After failing to procure several openings, he traveled to Jamestown, North Dakota, where he made an “earnest appeal” for the airport there to take a chance on an inexperienced director. He got the job, and despite Delta pulling out of the market just months after starting, he went on to oversee the building of a new terminal, obtain government subsidies to procure jet airline service, and introduce much needed technical upgrades in the form of hangars, runway lighting, electronic gating and a rotating beacon light. Today, he says, the airport – comparable in size to Rhinelander – is breaking monthly boarding records and has become a primary commercial service airport.
In 2014, he moved on to Crescent City in northern California, where he says he essentially repeated the same story.

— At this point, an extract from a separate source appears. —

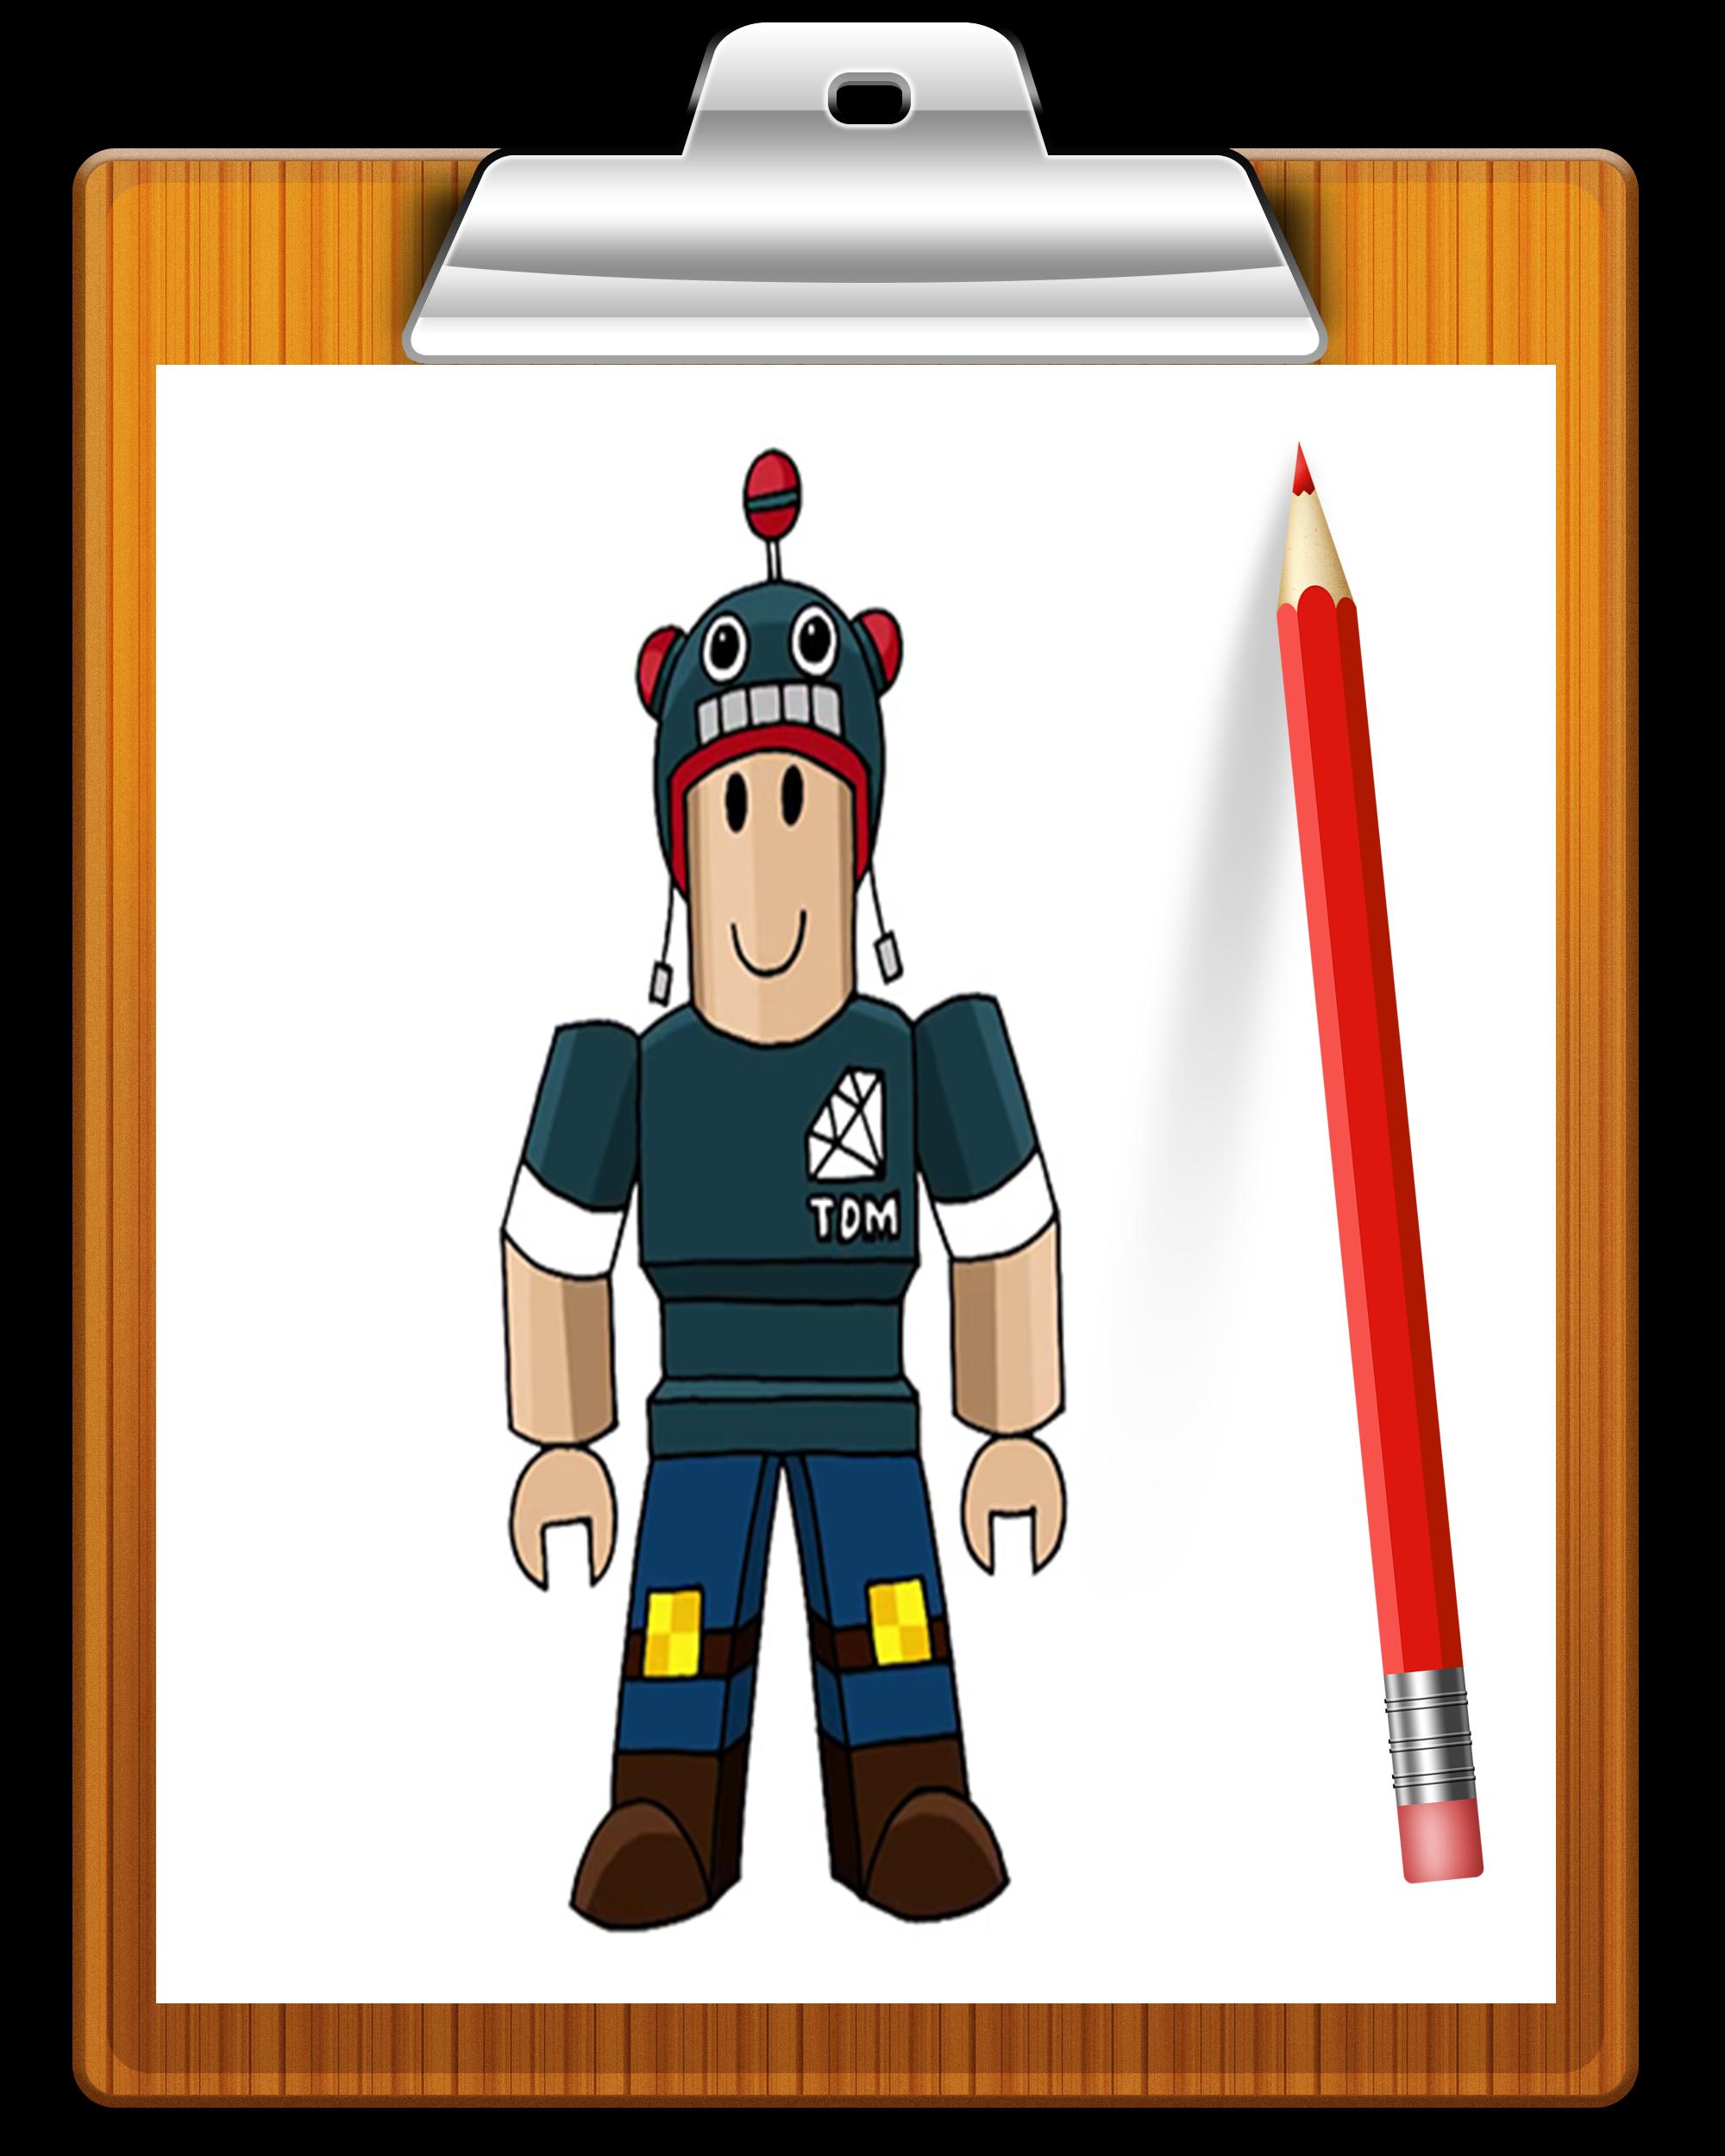 How To Draw Roblox For Android Apk Download - roblox download free apkpurecom
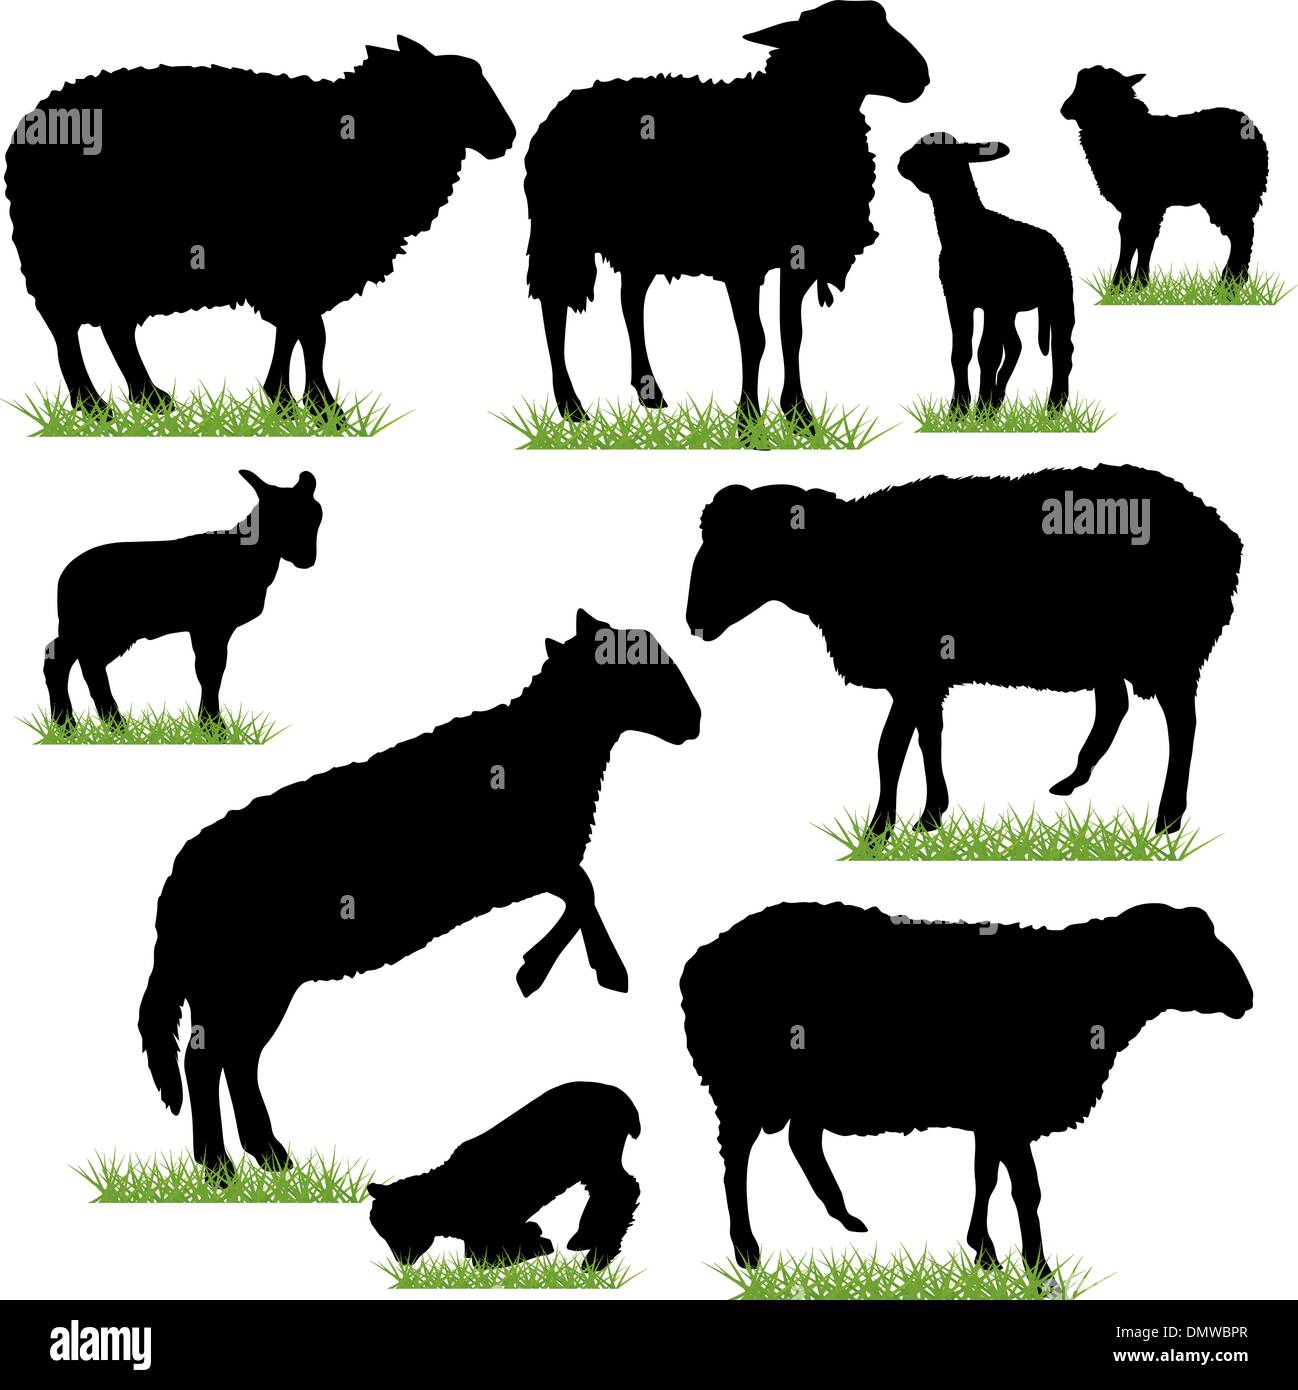 Sheep and Lambs Silhouettes Set Stock Vector

Under his supervision, the airport got jet airline service, a new terminal and a higher classification of FAA certification.
“It was a real rush,” he remarked.
At a city council meeting Monday night, he said he had stayed in touch with Brauer through the years, turning to him for advice during his early days as a director. When he heard last year there was an opening, he jumped at the chance to return to his hometown.
“My objective is to enhance our collective quality of life here, as community, county and region,” he said of his goals for Rhinelander airport. Unlike Jamestown and Crescent City when he started, he remarked, the airport here is thriving and he wants to build on the foundation that Heck and Brauer have laid.
Reaching out to the young people to give them their start in aviation is a vision both Brauer and Leitner share for the future of aviation. Leitner says he wants to visit local schools and bring students to see the airport and get hands on experience that could potentially inspire them to direct their careers into aviation fields.
Though Brauer’s last day was May 18, but he plans to remain a “friend of the airport” and provide assistance to Leitner as needed.